Single source of truth – All heuristics, normalization, and JSON serialization live in dedicated C modules under src/, with public headers exposed via include/ for downstream extensions.

Installation

Install the Python package from PyPI:

pip install pymupdf4llm-c

For Rust, install with Cargo:

cargo add pymupdf4llm-c

Building the Native Extractor

For instructions on building the C extractor, see the dedicated BUILD.md file.

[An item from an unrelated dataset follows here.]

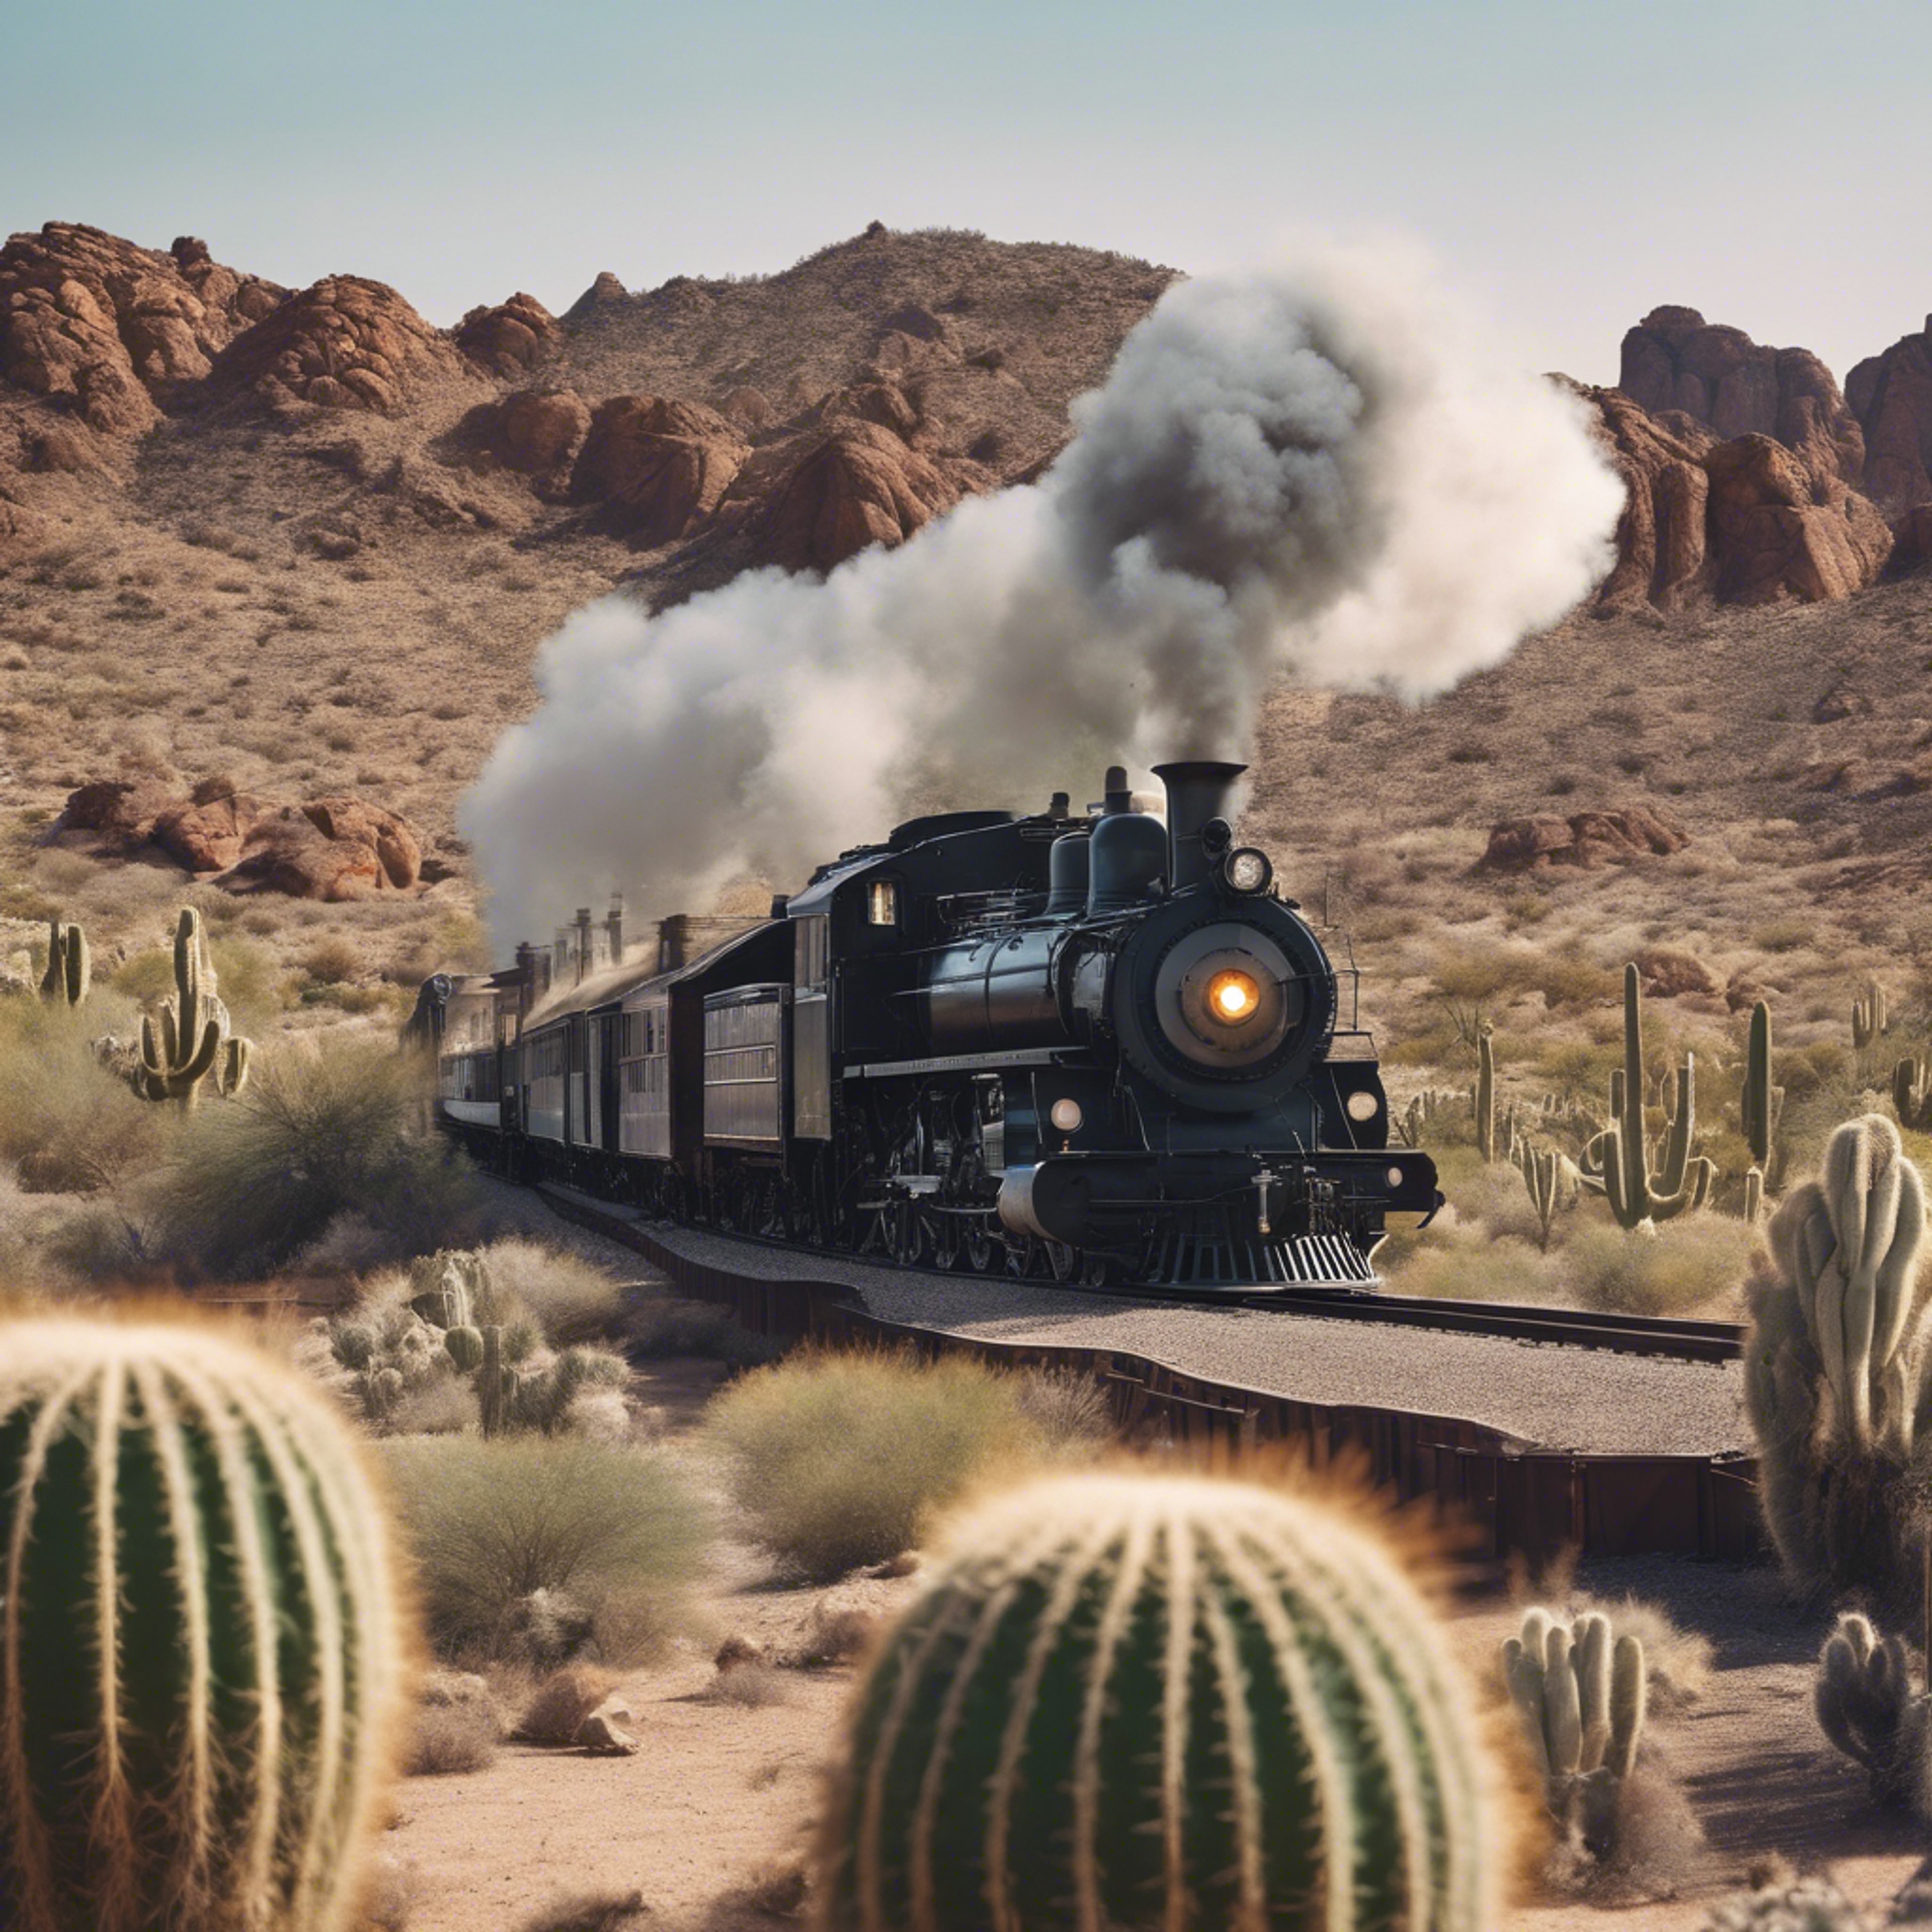 A locomotive steam train rushing across the barren Western landscape surrounded by towering cacti. Hình nền[f5a4930d44454dd795f5]

This covers building MuPDF from the submodule, compiling the shared library, and setting up libmupdf.so.

Usage

Python Usage

Basic usage

from pathlib import Path
from pymupdf4llm_c import ConversionConfig, ExtractionError, to_json

pdf_path = Path("example.pdf")

try:
    # Extract to a merged JSON file (default)
    output_file = to_json(pdf_path)
    print(f"Extracted to: {output_file}")
except ExtractionError as exc:
    print(f"Extraction failed: {exc}")

Collecting parsed blocks in memory

Use collect=True to get parsed JSON in memory instead of writing to a file:

from pymupdf4llm_c import to_json

# Returns list of page data (merged JSON structure)
pages = to_json("report.pdf", collect=True)

for page_obj in pages:
    page_num = page_obj.get("page", 0)
    blocks = page_obj.get("data", [])
    print(f"Page {page_num}: {len(blocks)} blocks")
    
    for block in blocks:
        print(f"  Type: {block.get('type')}, Text: {block.get('text', '')}")

Memory and Validation:

collect=True validates the JSON structure and raises ValueError if invalid
For PDFs larger than ~100MB, a warning is logged recommending iterate_json_pages() instead
Disable the warning with warn_large_collect=False:

# Suppress memory warning for large PDFs
pages = to_json("large_document.pdf", collect=True, warn_large_collect=False)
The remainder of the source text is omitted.